В это Рождество, Ингве привез нотный альбом с композициями Дэвида Боуи, и я сразу переписал их в блокнот целиком, с аппликатурой, текстами и нотами. Сейчас я его достал. Затем поставил на проигрыватель Hunky Dory, включил «Life on Mars», которая шла пятой, и стал негромко подыгрывать, так, чтобы слышать и вокал, и другие инструменты. По спине пробежал озноб. Это была потрясающая вещь, и, когда я повторял вслед за пластинкой гитарные аккорды, у меня было такое чувство, что мелодия раскрывалась мне навстречу, я как бы входил в нее, а не оставался снаружи, как это бывает, когда только слушаешь. Чтобы открыть для себя песню и войти в нее самому, мне потребовалось бы несколько дней, потому что сам я не слышал, какие тут нужны аккорды, мне пришлось бы мучительно к ним пробиваться, и, даже подобрав похожие, я все равно никогда не был вполне уверен, те или не те я нашел. Опустить иглу, внимательно вслушаться, снять иглу, взять аккорд. Хм… Опустить иглу, прислушаться, взять тот же аккорд. А он ли это был? Или, может, вот этот? Не говоря обо всем остальном, что происходит с гитарным звуком на протяжении одной композиции. Одним словом – безнадега! Вот у Ингве, например, все получалось с первой попытки. Я встречал и других людей, похожих на него, которые с этим родились; музыка была у них неотделима от мысли, а вернее, вообще не имела отношения к мысли, а жила в душе, существуя сама по себе. Они просто играли, а не механически повторяли ту или иную схему; о такой свободе, которая и есть музыка, мне оставалось только мечтать. Так же и с рисованием. Рисование никакого статуса не давало, но мне все равно нравилось рисовать, и я проводил за этим занятием немало времени, уединившись у себя в комнате. Если передо мной был образец, вроде какого-нибудь комикса, у меня иногда выходило что-то приличное, но, когда я не копировал, а рисовал сам, из головы, ничего путного не получалось. А мне приходилось встречать людей, в которых это было заложено от природы, в особенности в Туне из нашего класса, она без усилий могла нарисовать что угодно: дерево на площади за окном, припаркованный под ним автомобиль, учителя у доски. Когда пришло время выбирать факультативные предметы, мне хотелось взять «Форму и цвет», но, зная, что некоторые из моих одноклассников действительно умеют рисовать, я отказался от этой затеи. Пусть будет «Кинематография». Но мысль об этом угнетала, потому что хотелось быть кем-то особенным.

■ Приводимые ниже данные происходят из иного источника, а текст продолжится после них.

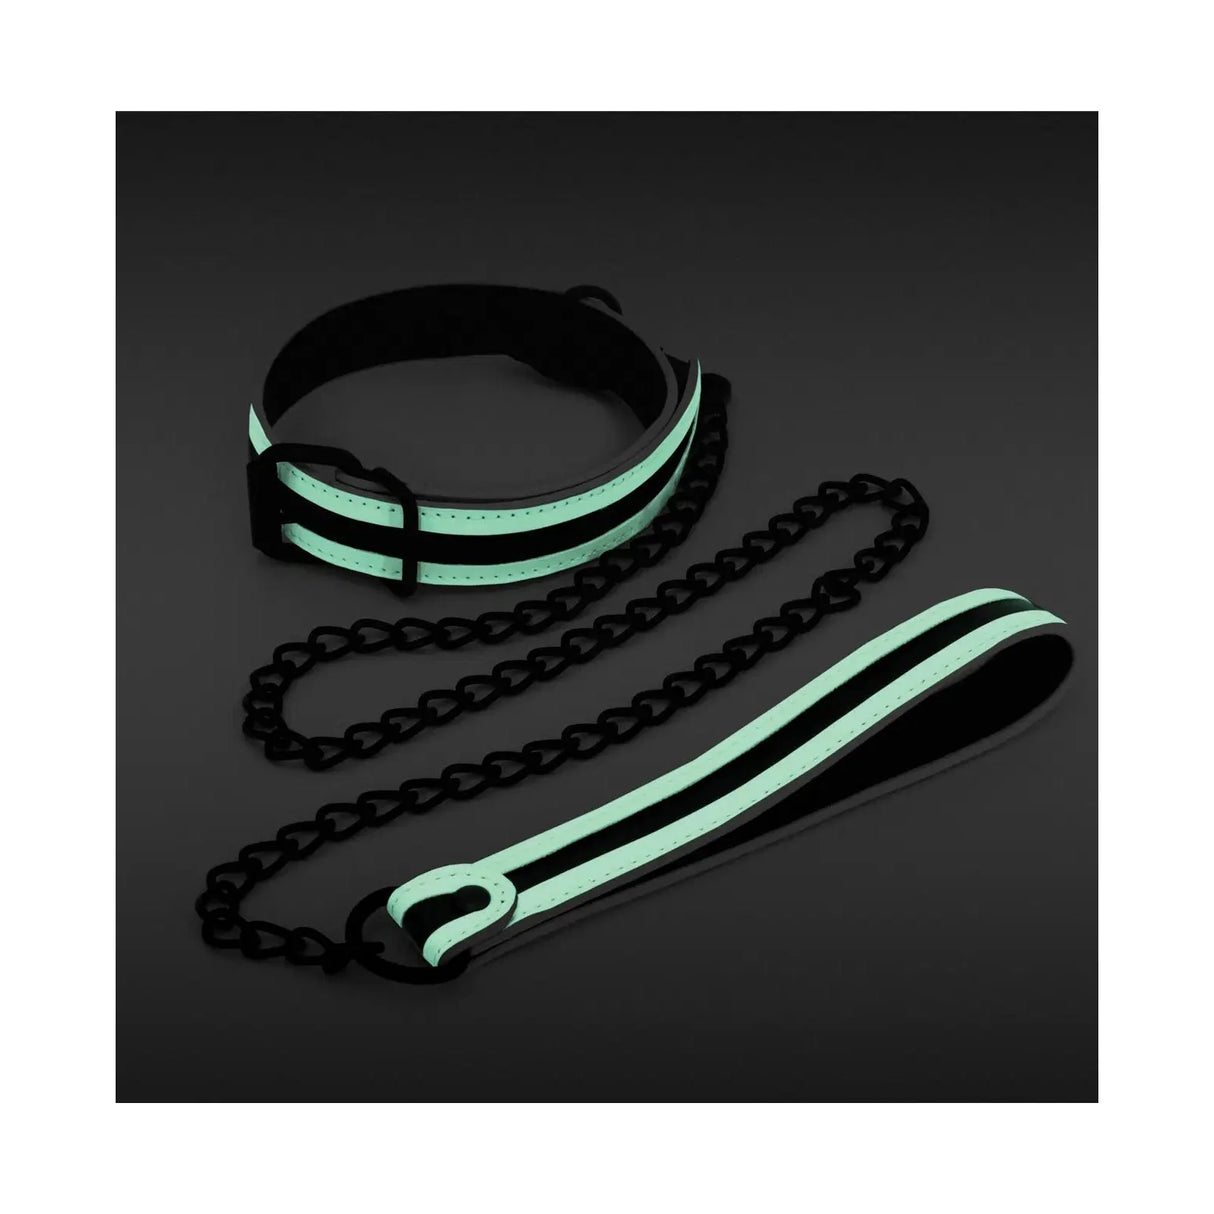 GLO Bondage Glow-In-The-Dark Collar & Leash Set
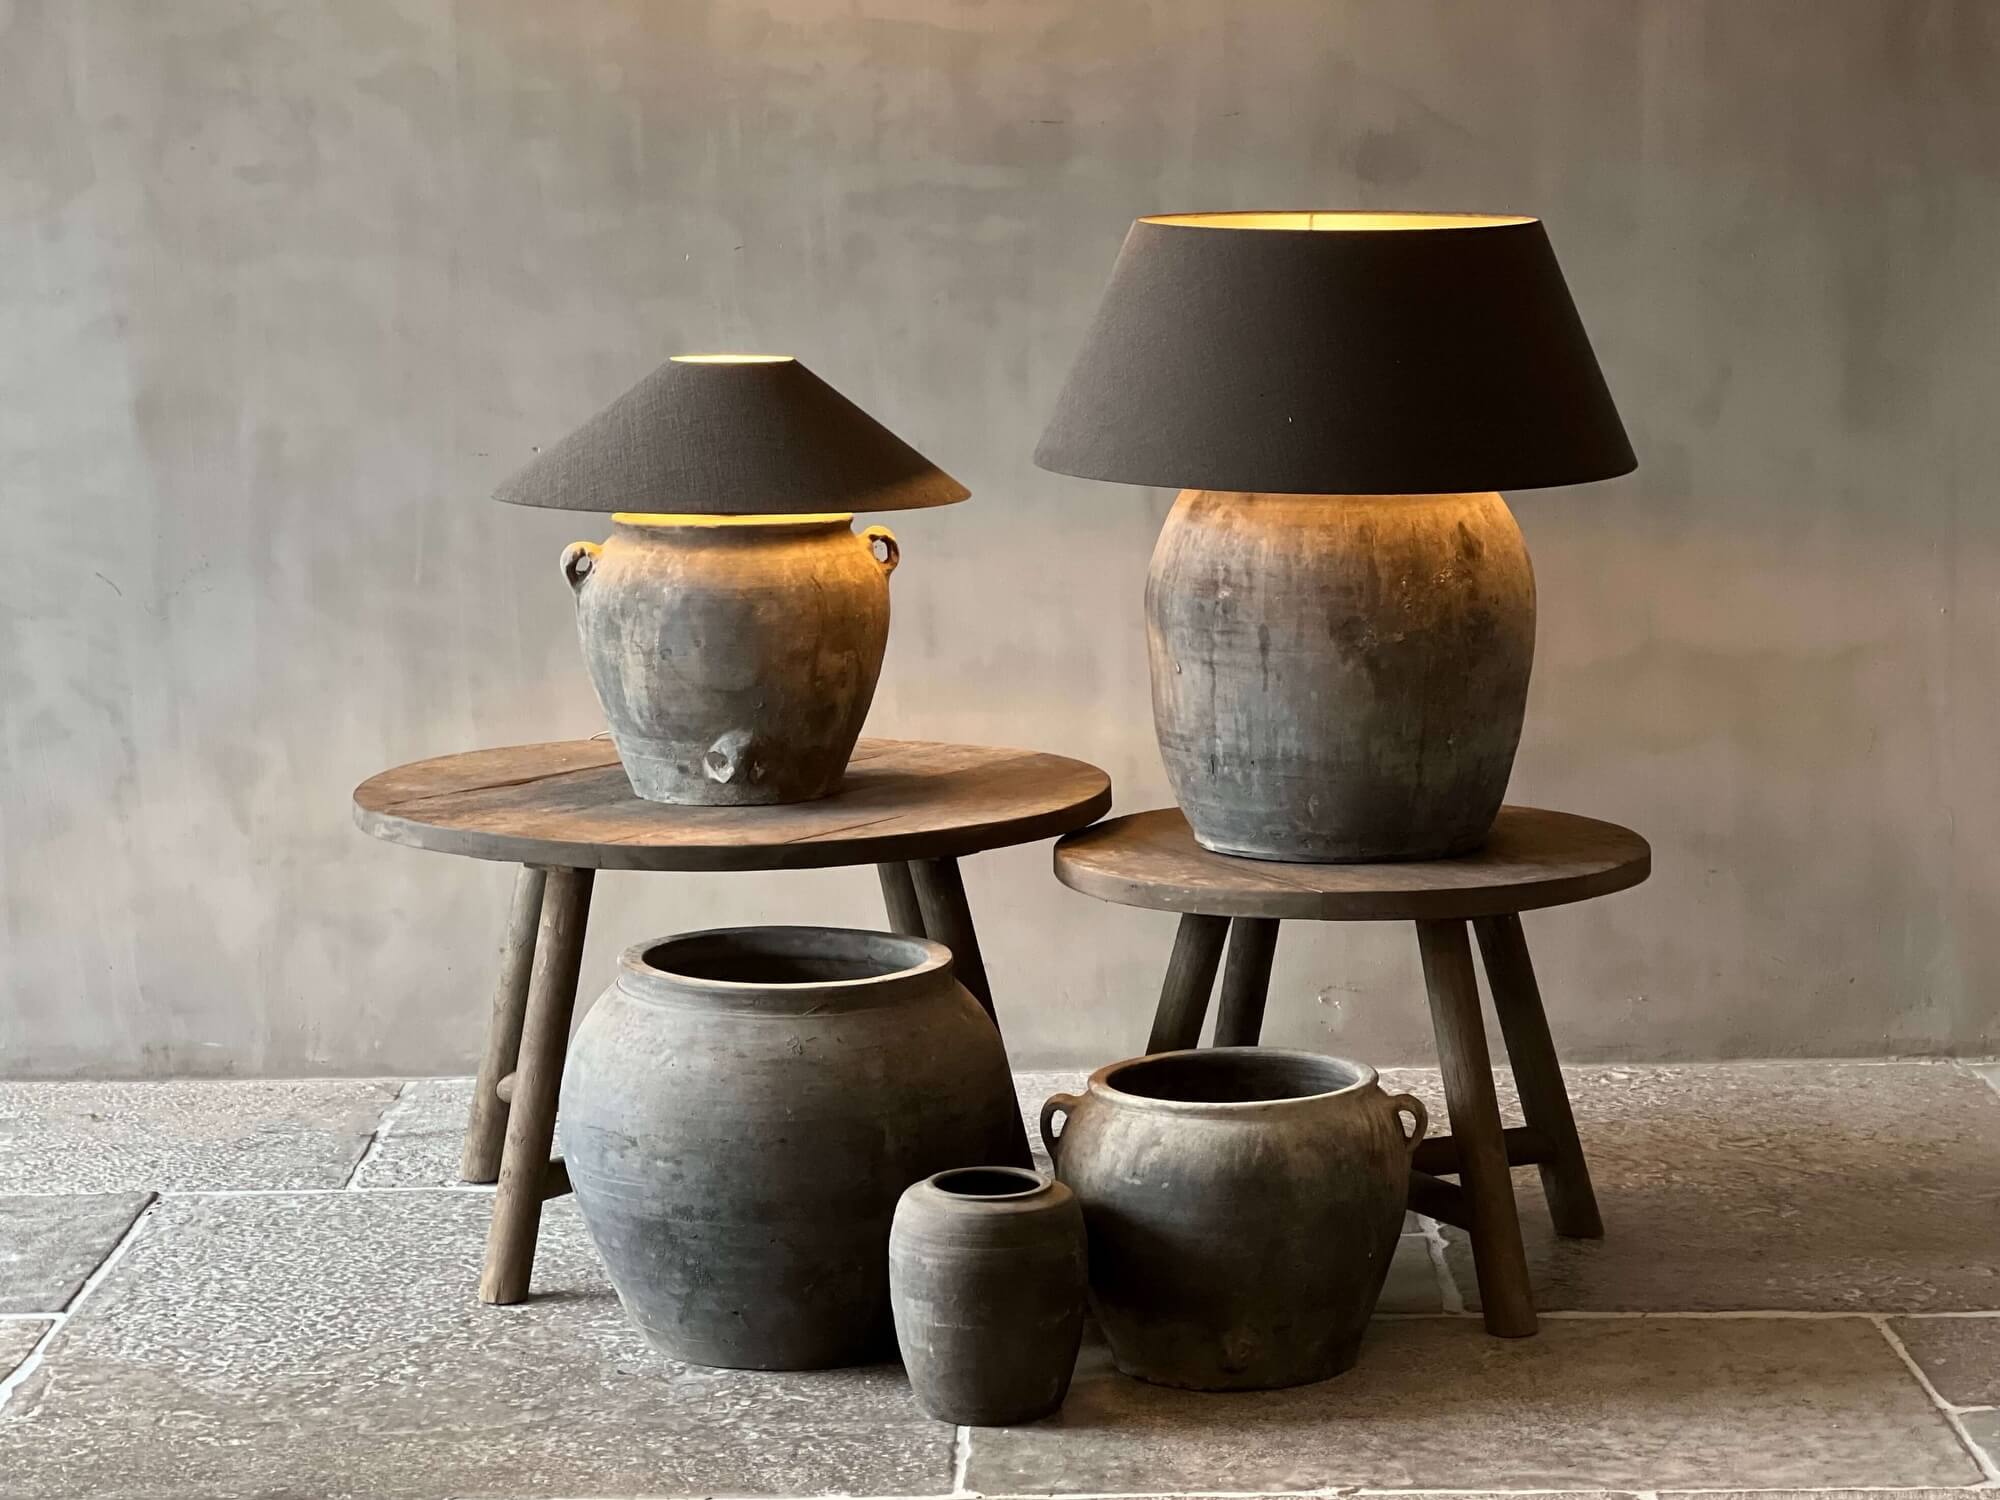 Chinese terracotta lampen

Я встал, поставил гитару на штатив, выключил усилитель и спустился на первый этаж. Мама стояла и гладила. Круги света вокруг лампочек над дверью и на амбарной стене еле виднелись сквозь снежную завесу.
– Ну и погода! – сказал я.
– Да уж, действительно, – кивнула мама.
Входя на кухню, я вспомнил, что по дороге проезжала снегоуборочная машина. Наверное, неплохо бы до приезда гостей раскидать сугроб, который она оставила у обочины.